Although hypoxia-induced release of growth factors, such as VEGF, and of chemokines, such as CXCL12 and CCL2, is important for the recruitment of specific monocyte subsets (127, 143, 144), the effect of hypoxia on the macrophage phenotype is less understood. This may be because of the complex interaction between cell autonomous signaling pathways induced by hypoxia in macrophages and their response to hypoxia-induced stimuli coming from neighboring cancer and stromal cells (127, 144). It is well established that HIF-1α has an important role in the phenotypic response to hypoxia. HIF-1α positively controls diverse inflammatory responses by promoting glycolysis and energy production in myeloid cells at the inflammatory hypoxic site (145). As a consequence, macrophages display reduced activation and motility when HIF-1α is genetically deleted (145). However, whether metabolic changes in HIF-1α knockout macrophages impinge on cancer progression and tumor angiogenesis is unknown. Instead, it has been shown that TAMs react to hypoxia by increased expression of HIF-1α–mediated proangiogenic genes such as VEGFA (40, 132, 146). VEGFA release by TAMs is responsible for tumor blood vessel dysfunction and abnormalities and the consequent increase in tumor hypoxia. This has been shown by the genetic deletion of VEGF in myeloid cells, which results in tumor vessel normalization and restores tumor perfusion, thus resulting in a better response to chemotherapy (40). Besides its induction of VEGF, HIF-1α in TAMs mediates the suppression of adaptive immunity, as the loss of HIF-1α in myeloid cells directly abrogates hypoxia-induced suppression of T cell activation in an inducible nitric oxide synthase (iNOS)–dependent manner (146).

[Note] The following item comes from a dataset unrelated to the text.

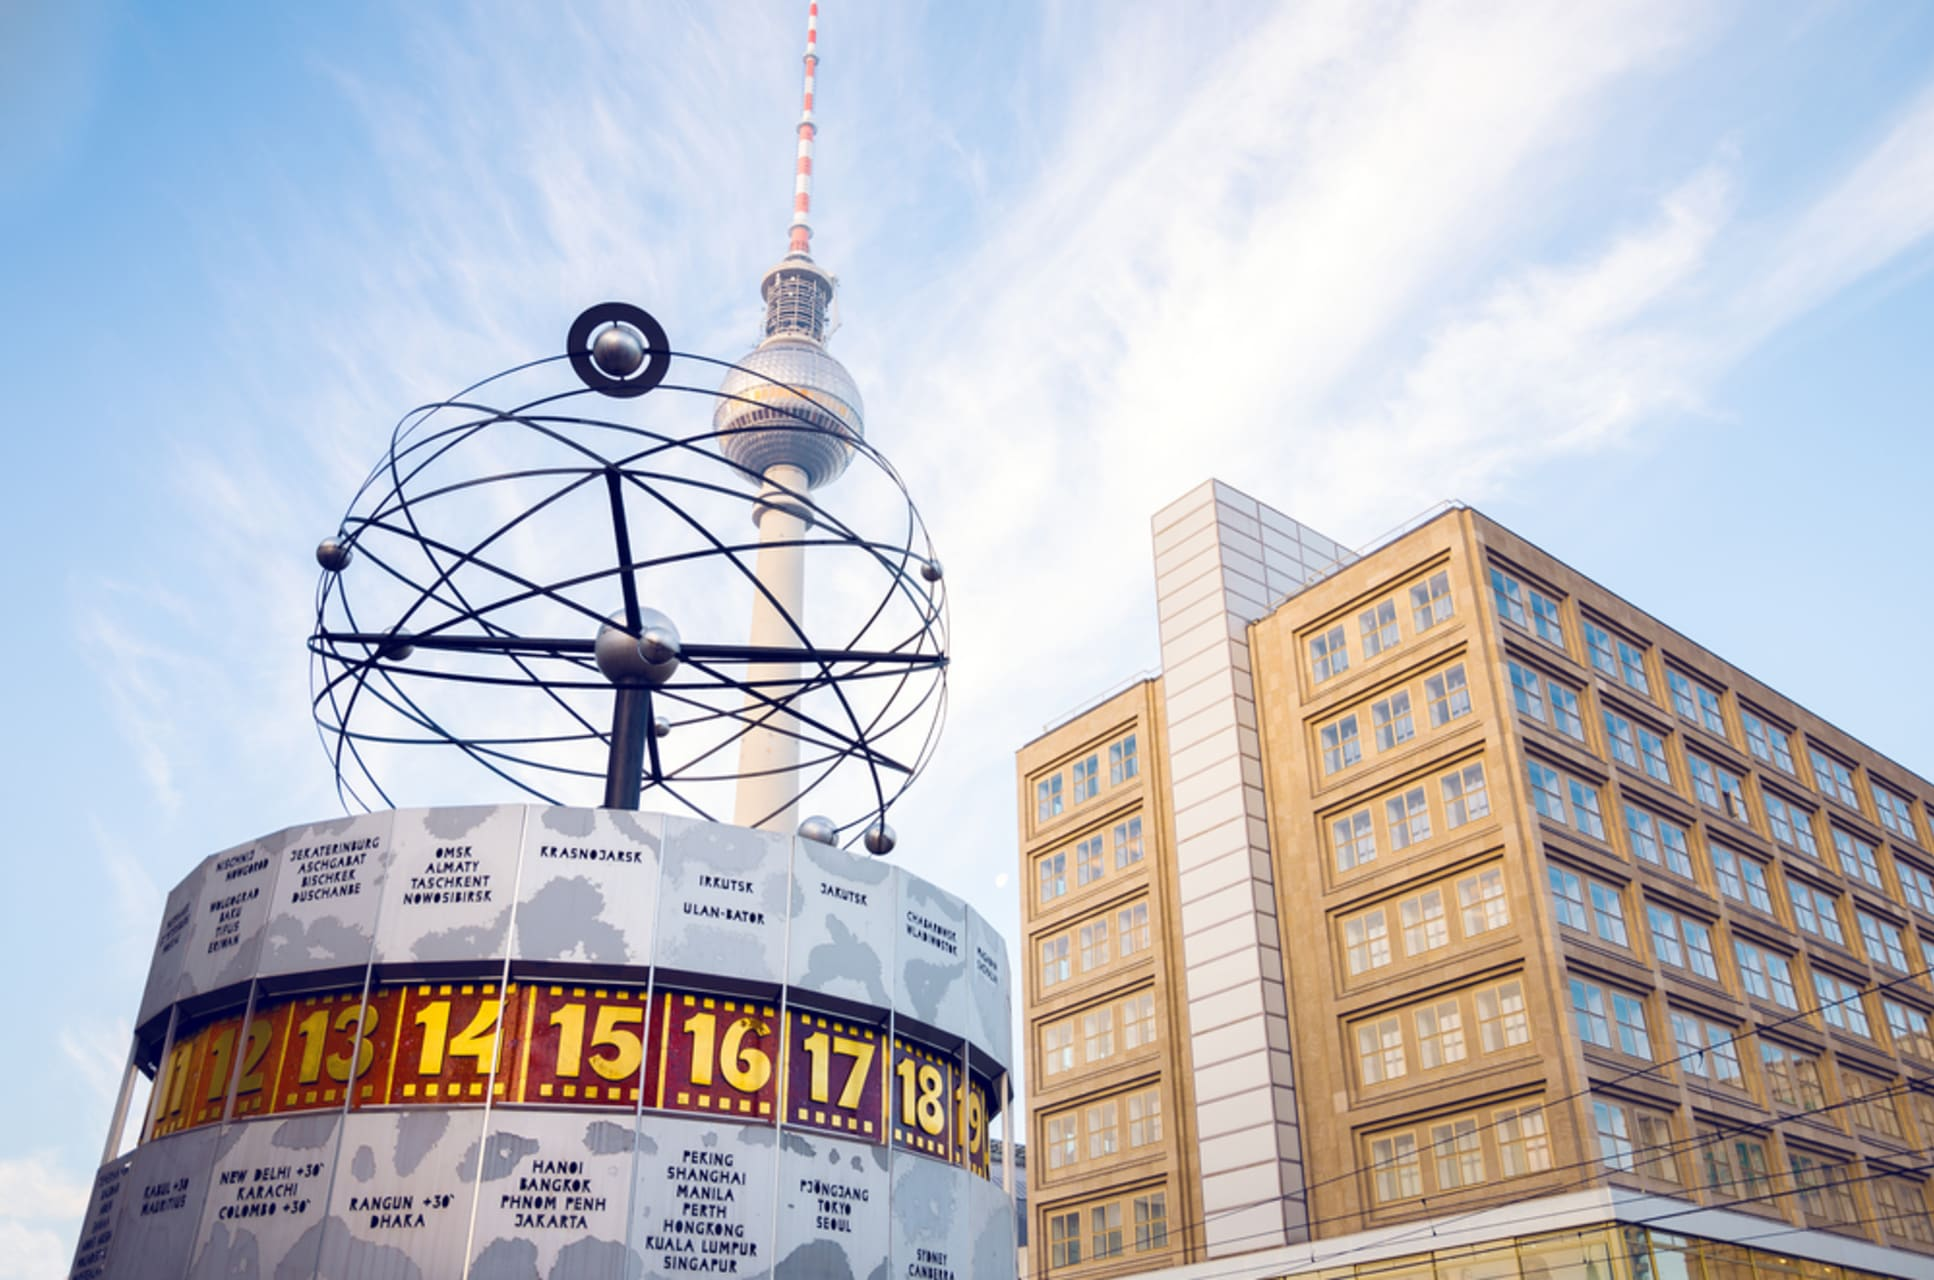 Berlin - Alexanderplatz – Old and New City Centre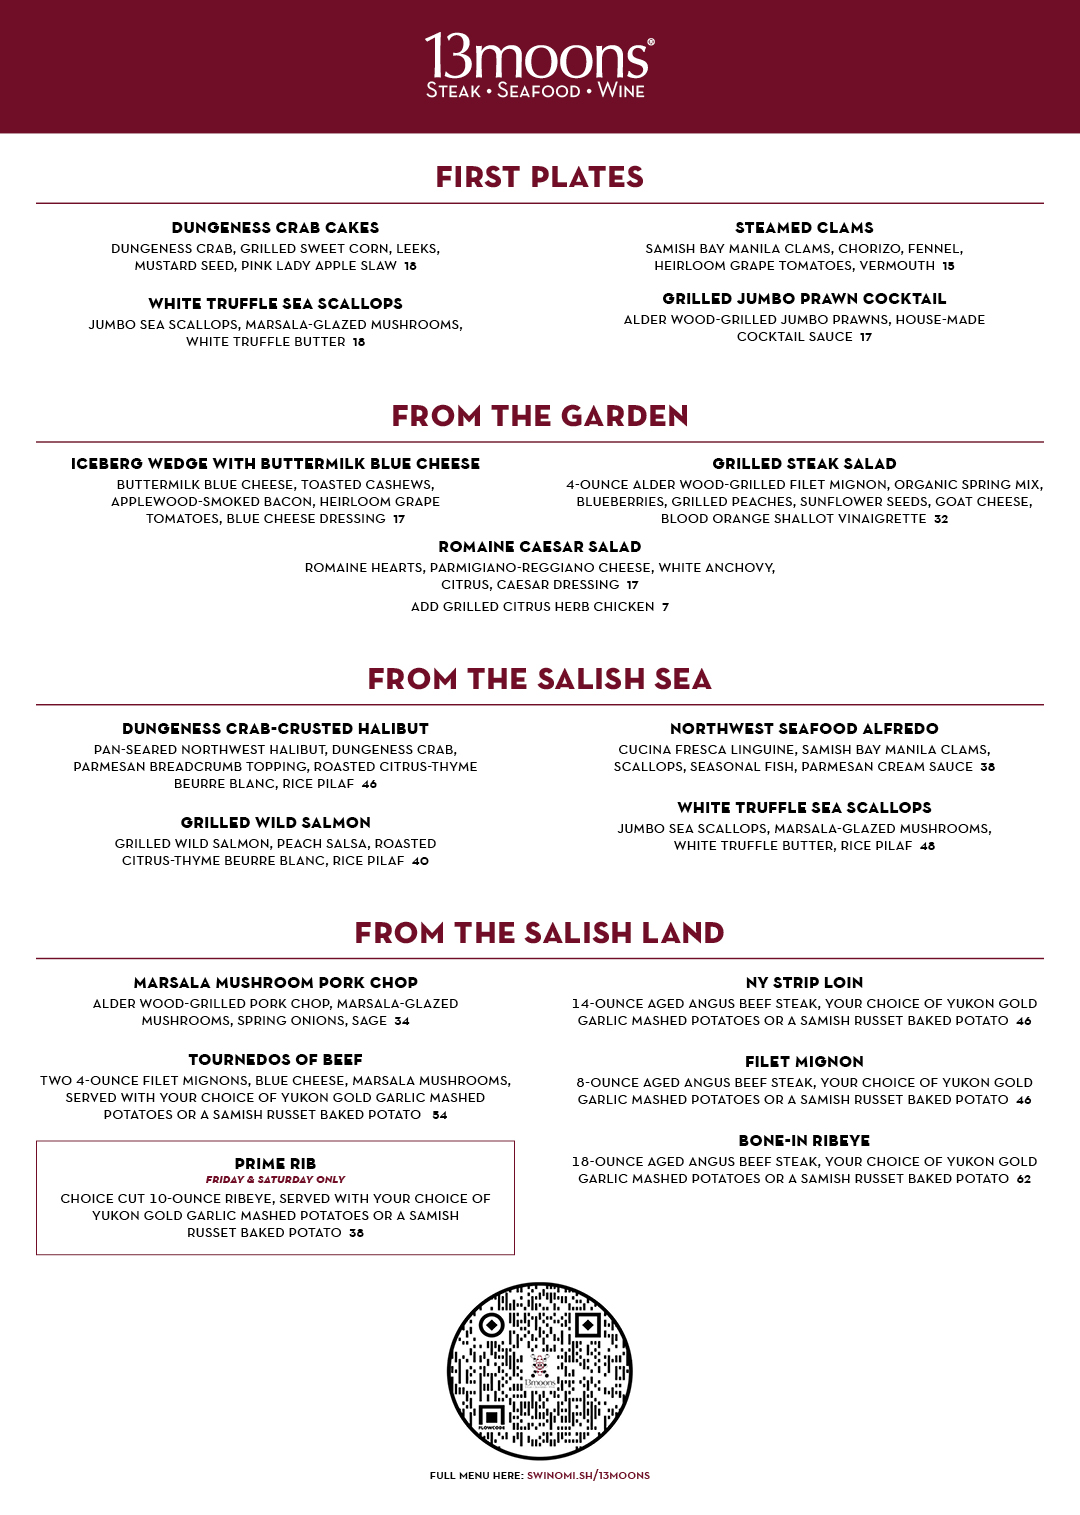 13moons-dinner-menu-swinomish-casino-steak-seafood

Although hypoxic TAMs upregulate both HIF-1α and HIF-2α (146, 147), it seems clear that HIF-1α has an impact only on the expression of angiogenic (and metabolic) genes (40, 132, 146), whereas hypoxia-induced HIF-2α has a different function (148). Myeloid cell–specific loss of HIF-2α in murine hepatocellular and colitis-associated colon carcinoma models reduces TAM infiltration due to impaired expression of CXCR4 and CSF1R. This alteration is linked to a drop in cancer cell proliferation and tumor progression, while blood vessel density is unchanged (148). Additional data and the analysis of different tumor models are required to support a general idea that HIF-2α is more relevant for the recruitment of TAMs and their effect on cancer cells, whereas HIF-1α is more related to angiogenic and immune functions of TAMs. Based on a noncancer study, we reported that in conditions of muscle or cardiac ischemia, the downregulation of the HIF-prolyl hydroxylase PHD2 by genetic deletion of one allele or by activation of Tie2 signaling in macrophages increases NF-κB activity that leads to the transcription of CXCL12 and platelet-derived growth factor B (149, 150). These are at least partly responsible for the recruitment of mural cells around blood vessels and thus for the arteriogenic process (149, 150). However, we could not observe a difference in tumor vessel coverage when analyzing myeloid cell–specific Phd2-haplodeficient mice (17), supporting the notion that different macrophage subsets in different tissues can rely on alternative pathways in support of their angiogenic activity.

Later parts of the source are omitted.